Tetapi tujuan dari misi itu ditetapkan untuk mengambil sejumlah barang elektronik dan dokumen yang diharapkan akan memberikan lebih banyak informasi kepada Amerika tentang keanggotaan dan aktivitas AQAP.

Misi tersebut kemudian dibahas oleh tim keamanan Presiden Trump, yang dilaporkan termasuk: Presiden sendiri, Wakil Presiden Pence, Menteri Pertahanan James Mattis, Penasihat Keamanan Nasional Michael Flynn, Ketua Kepala Staf Gabungan Jenderal Joseph Dunford, Direktur CIA Mike Pompeo, kepala strategi Presiden Steve Bannon, dan menantu presiden Jared Kushner.

Karena masih dalam masa transisi, tidak ada perwakilan Departemen Luar Negeri yang hadir dalam pertemuan tersebut.

Menurut dua sumber di Gedung Putih yang tidak disebutkan namanya, Mattis dan Dunford menggambarkan misinya kepada Presiden Trump. Gagasan mereka adalah bahwa, jika pemimpin AQAP benar-benar berada di lokasi, serangan tersebut akan menjadi kemenangan besar bagi pasukan Amerika. Jika tidak, materi intelijen masih cukup bagus, karena akan menyediakan lebih banyak informasi untuk serangan yang akan datang.

Namun Steve Bannon dan Jared Kushner berpendapat ini adalah ‘sisa’ rencana dari pemerintahan Obama.

Presiden Trump dilaporkan berkonsultasi dengan Flynn, mantan direktur intelijen untuk JSOC. Setelah berkonsultasi dengan mantan rekannya di Ft. Bragg di North Carolina dan diduga berbicara dengan rekan-rekannya di UAE, Flynn menyarankan untuk menyetujui serangan tersebut. Salah satu alasannya serangan ini akan menjadi gebrakan untuk menunjukkan perbedaan dengan Presiden Obama yang selama ini dituduh sebagai peragu.

Misinya disetujui. Tim Owens seharusnya bergerak beberapa kilometer secara diam-diam, menyusup ke desa dan memberi AQAP kejutan. Namun, begitu tim memasuki desa, mereka disergap oleh pejuang AQAP, didampingi oleh warga sipil dengan senjata, bahkan dilaporkan wanita ikut bertempur malam itu.

Desa tersebut juga dilindungi dengan ranjau darat. Meski kehilangan unsur kejutan, komandan misi memutuskan untuk melanjutkan serangan.

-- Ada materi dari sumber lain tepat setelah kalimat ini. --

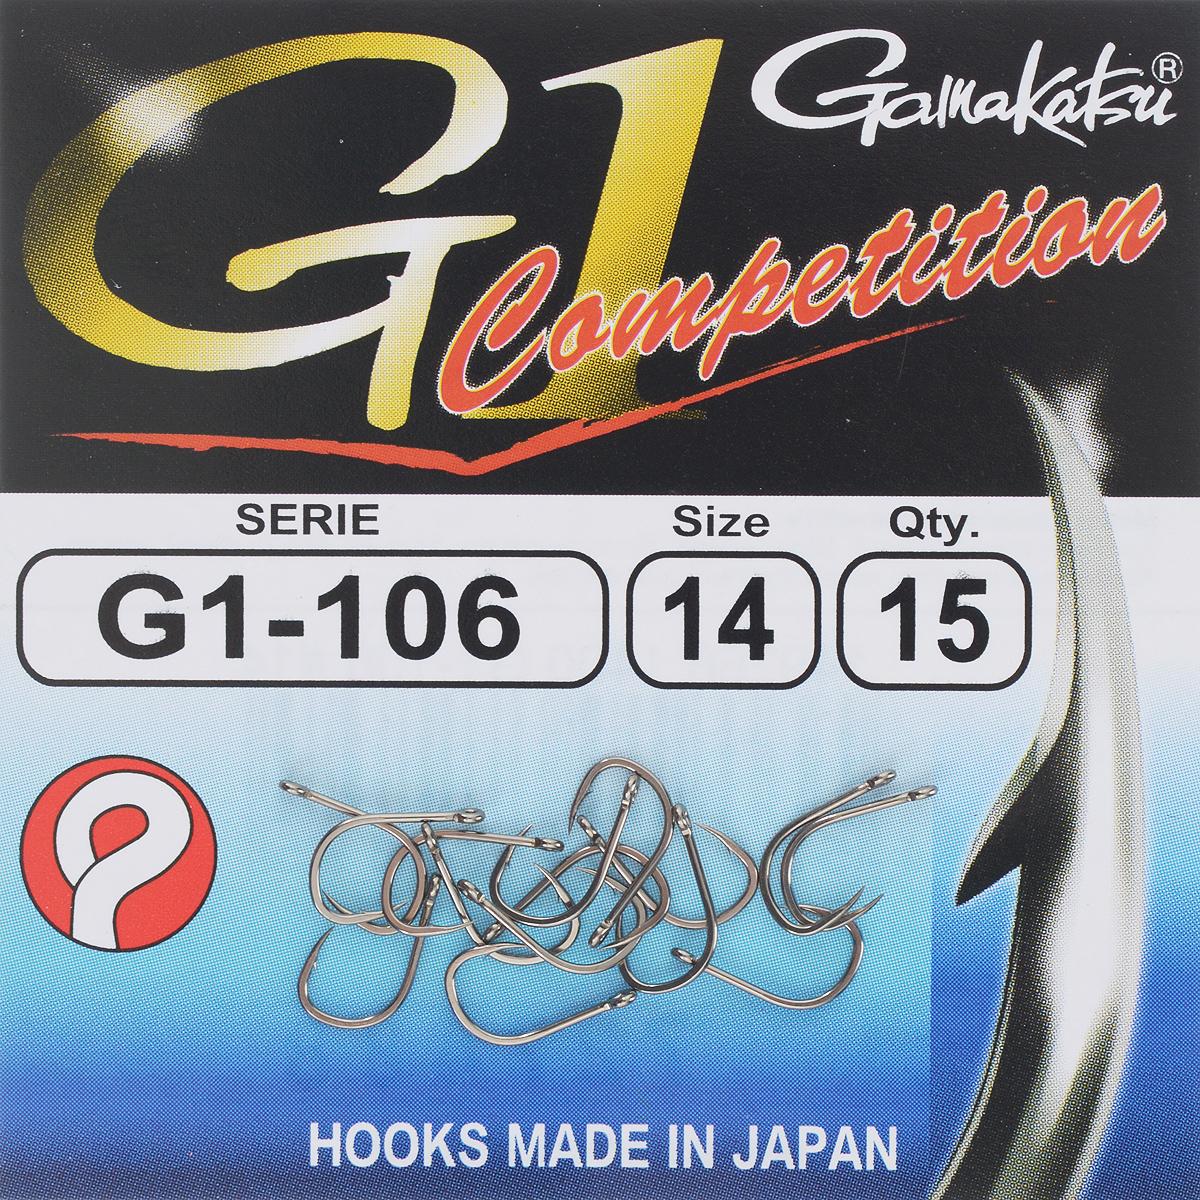 Набор крючков Gamakatsu G-1 Competition, размер №14, 15 шт23413Gamakatsu G-1 Competition - это крючки, прекрасно подходящие для ловли на волосяную оснастку в условиях соревнований. Изделия выполнены из тяжелой проволоки.

Sebuah baku tembak terjadi dengan seru. Owen mengalami luka serius sekitar lima menit setelah memasuki pertempuran. Dua helikopter CV-22 Osprey kemudian dikirim untuk membantu pertempuran.

“Sebuah jet Marinir AV-8B Harrier dan helikopter serang juga dikirimkan untuk mengambil kekuatan AQAP,” kata NBC.

Namun, satu Osprey jatuh saat mendarat – pejabat menyebutnya sebagia hard landing. Pesawat itu kemudian dihancurkan oleh Osprey lainnya

Meski mengalami masalah dan perlawanan, serangan tersebut bisa membunuh 14 pejuang AQAP terbunuh, termasuk dua pemimpinnya. Namun sedikitnya 16 warga sipil dilaporkan juga terbunuh.

Berdasarkan dokumen resmi yang didapat NBC News, yang lebih memprihatinkan 10 di antara korban sipil adalah anak-anak.

Sementara di pihak Amerika, lima personel NAVY Seal terluka dan Owens tewas. Tidak diketahui bagaimana misi tersebut dikompromikan. Menurut NBC, apa yang “terjadi di Yaman mungkin telah dikaitkan dengan tragedi dan kabut perang.”